By the lung cancer diagnosis in 2018, it was too late. By then, assuring a liberal on the court was an extreme long shot, to say the least. Ginsburg essentially bet that against all reasonable expectations she would outlast the Trump presidency. People lose bets all the time; it’s why they call it gambling.
She also underwent a drastic change of heart about the propriety of a president nominating a Supreme Court Justice in an election year.
When Merrick Garland was nominated by Barack Obama in 2016, Senate Majority Leader Mitch McConnell refused to bring the nomination to the floor or hold hearings on the grounds that it was not fair to the American people to install a Supreme Court Justice—a lifetime appointment—nominated by someone who would soon be leaving office.
Then Ginsburg urged the Senators to do the jobs they were elected to do, saying, “That’s their job. There’s nothing in the Constitution that says the President stops being President in his last year.”
But just before she died, she apparently had a change of heart, or so we’re told. She decided that the Senate could hold off for a while before deciding on a new justice. I guess the old saying about a girl being entitled to change her mind applies here.

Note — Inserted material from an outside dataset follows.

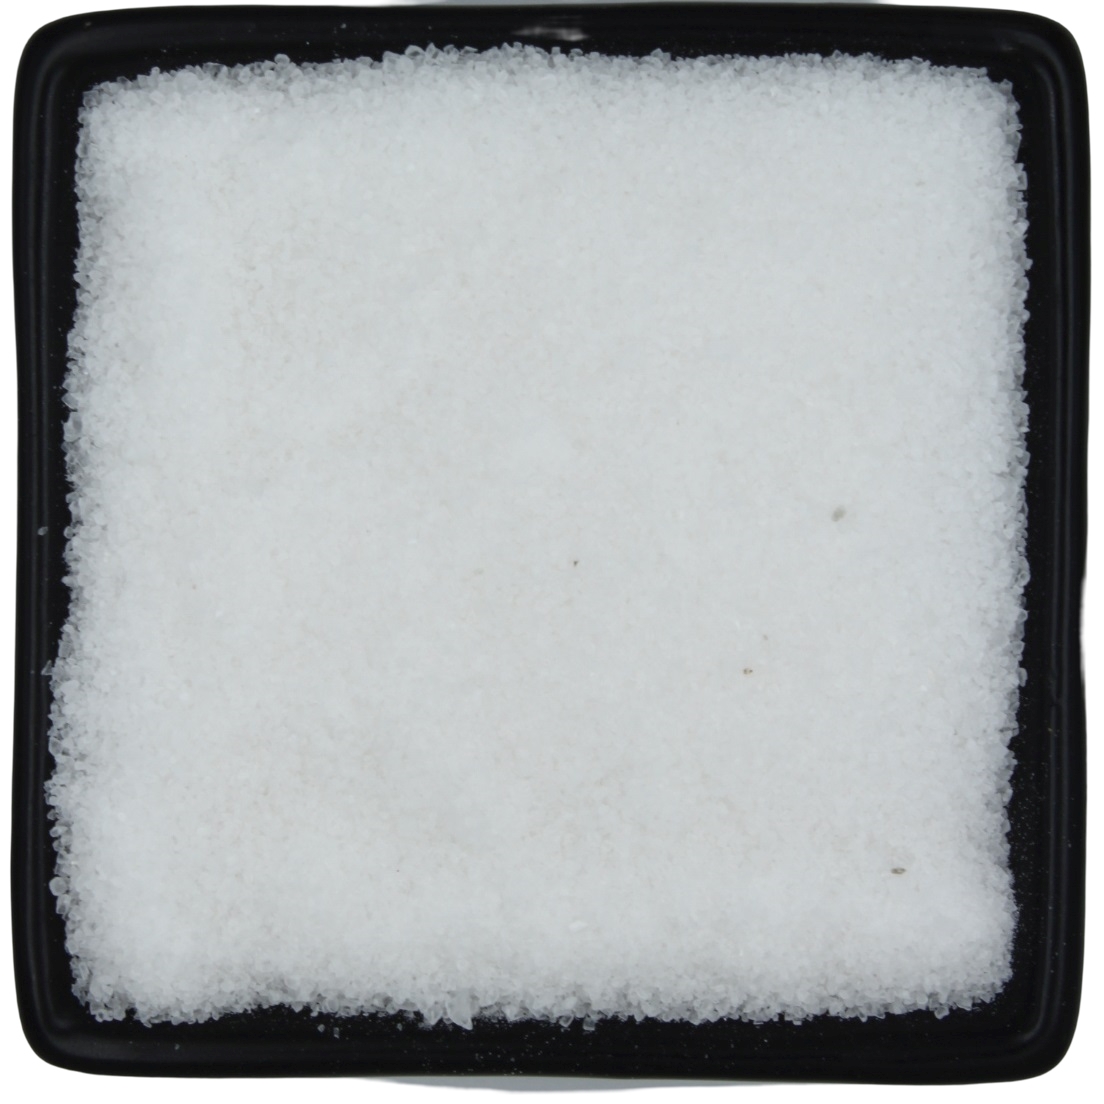 Himalaya-Salz - Weiß - Extra fein - 500g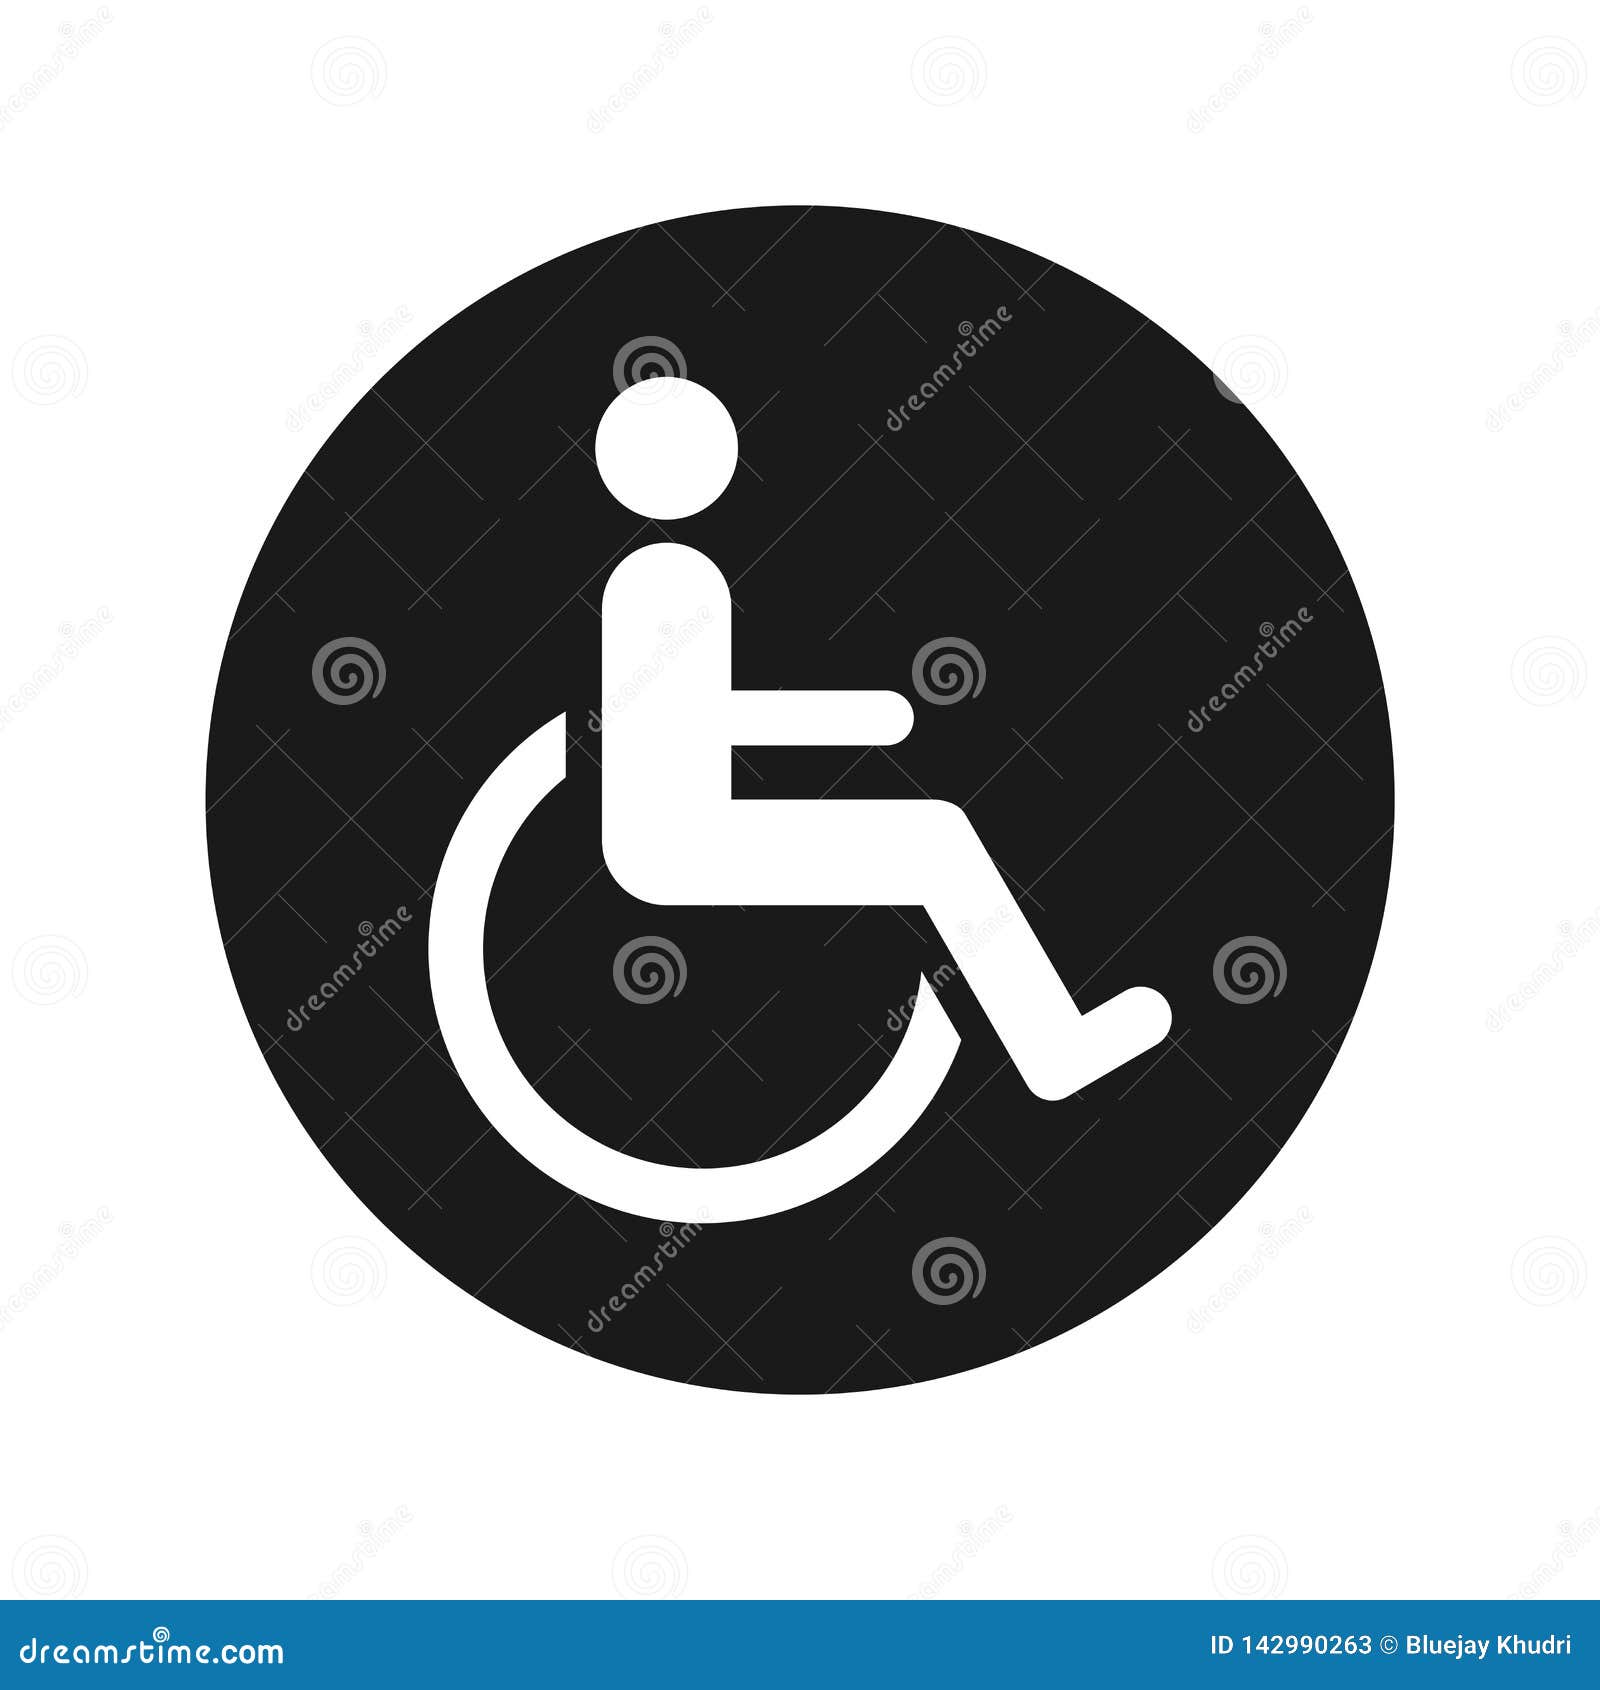 wheelchair handicap icon flat black round button

Of course, Mitch McConnell and his Republican colleagues are also free to rethink their misgivings about appointing a justice in the middle of a presidential election.
It can be argued that the situations are significantly different. Obama was at the end of his time in the White House; Trump may very well be reelected. A fair point can also be made that when Garland was appointed, the Senate was in Republican hands; he might not have been approved even if McConnell had allowed a hearing and a vote.
Moreover, if the election is contested and the court has to get involved, as it did in 2000, it would be a disaster of epic proportions for the decision on the presidency to be left hanging by 4-4 tie. What happens then is anyone’s guess.
As for the Democrat’s charge of hypocrisy, there are any number of quotes from Democrats from four years ago demanding a fair hearing for Garland. These same people seemed to have suddenly lost their appetite for swift action; no doubt your favorite conservative has spared no effort to remind you of this change of heart.
At this point, Amy Coney Barrett is a strong favorite to replace Ginsburg. If she winds up being the deciding vote to overturn Roe v. Wade, the Notorious RBG’s steadfastness in the face of serious disease might not look so noble and heroic to future liberal historians. (most historians; let’s be honest)
She might be portrayed as just another self-centered political operative, concerned with her own legacy, no matter the cost to the people she was supposed to be fighting for.